Late Lughnasadh greetings, dear readers. (As if it’s possible to be late among the Pagani.) It’s been an intense couple of weeks – not even two weeks – since touching down in New York. In addition to jewelry, tapestries, goddess statues, and coffee, I brought home a sea urchin spine from Turkey. Embedded in my right foot. I didn’t know it until I fell ill the Friday after my return and discovered that my foot was red, hot, and swollen, the infection trailing its way up my ankle. A doctor excised the spine and prescribed antibiotics. I hobbled around for a week, keeping my foot elevated as much as possible, soaking it every few hours in hot water and Epsom salts. Now I’m much better, nearly mended.

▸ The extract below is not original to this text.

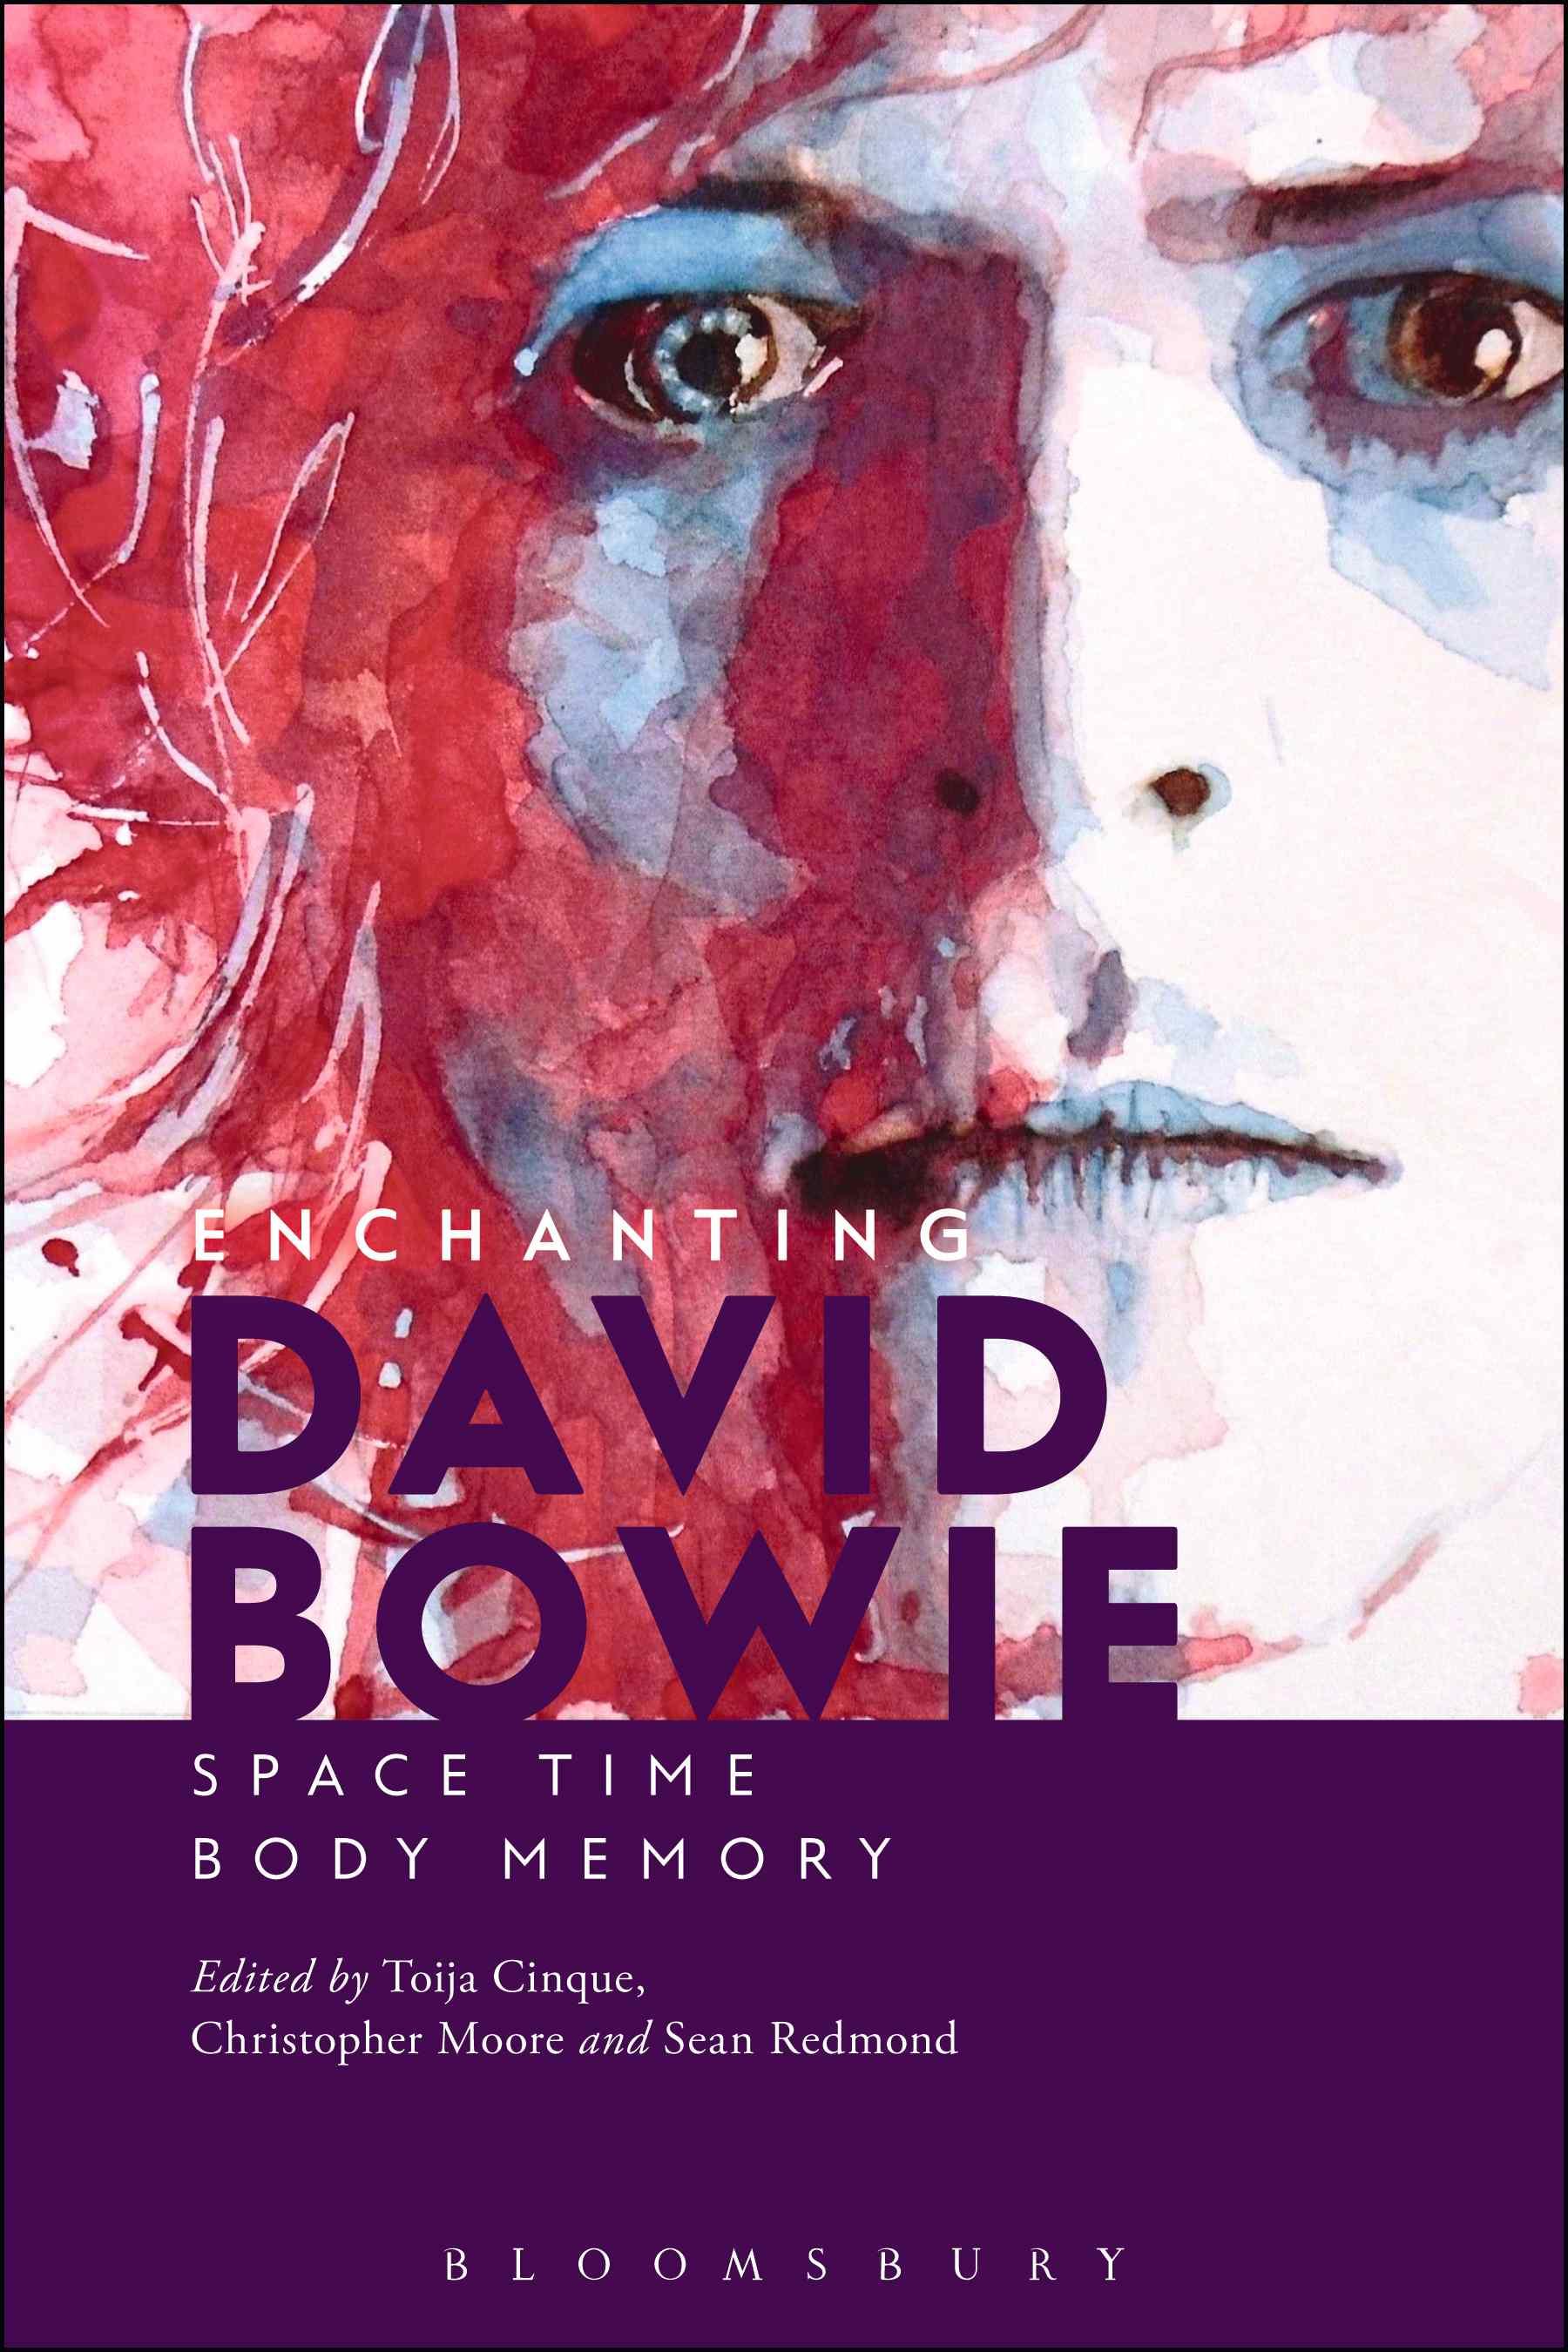 Screen studies books enchanting david bowie fandeluxe Images

I’ve also witnessed much heartache in the past couple of weeks, from a friend who spent several days in cardiac intensive care, to several friends whose marriages are in crisis, to a guarded, hurting lover at home. I wonder if everyone’s heart is hurting. I wonder, too, at the ways I’ve guarded my own heart, and how much that guarding hurts and isolates me. It’s a normal response to contract in fear, yet that response so rarely serves us. I’m learning how guarding my heart blocks my generosity, both toward myself and toward others. I came home from Turkey with a heart more open and full, and the energy in my body has been tremendous. I can be more generous with myself and others, but it’s not about making anything happen; it’s about allowing the life force to flow and take its course. It’s an Oprahesque cliché to say that we can’t give to others without filling ourselves first. But I think I’m beginning to understand what it means to attend to my own needs and how, when I do so, I don’t have to make anything else happen. The rest just flows.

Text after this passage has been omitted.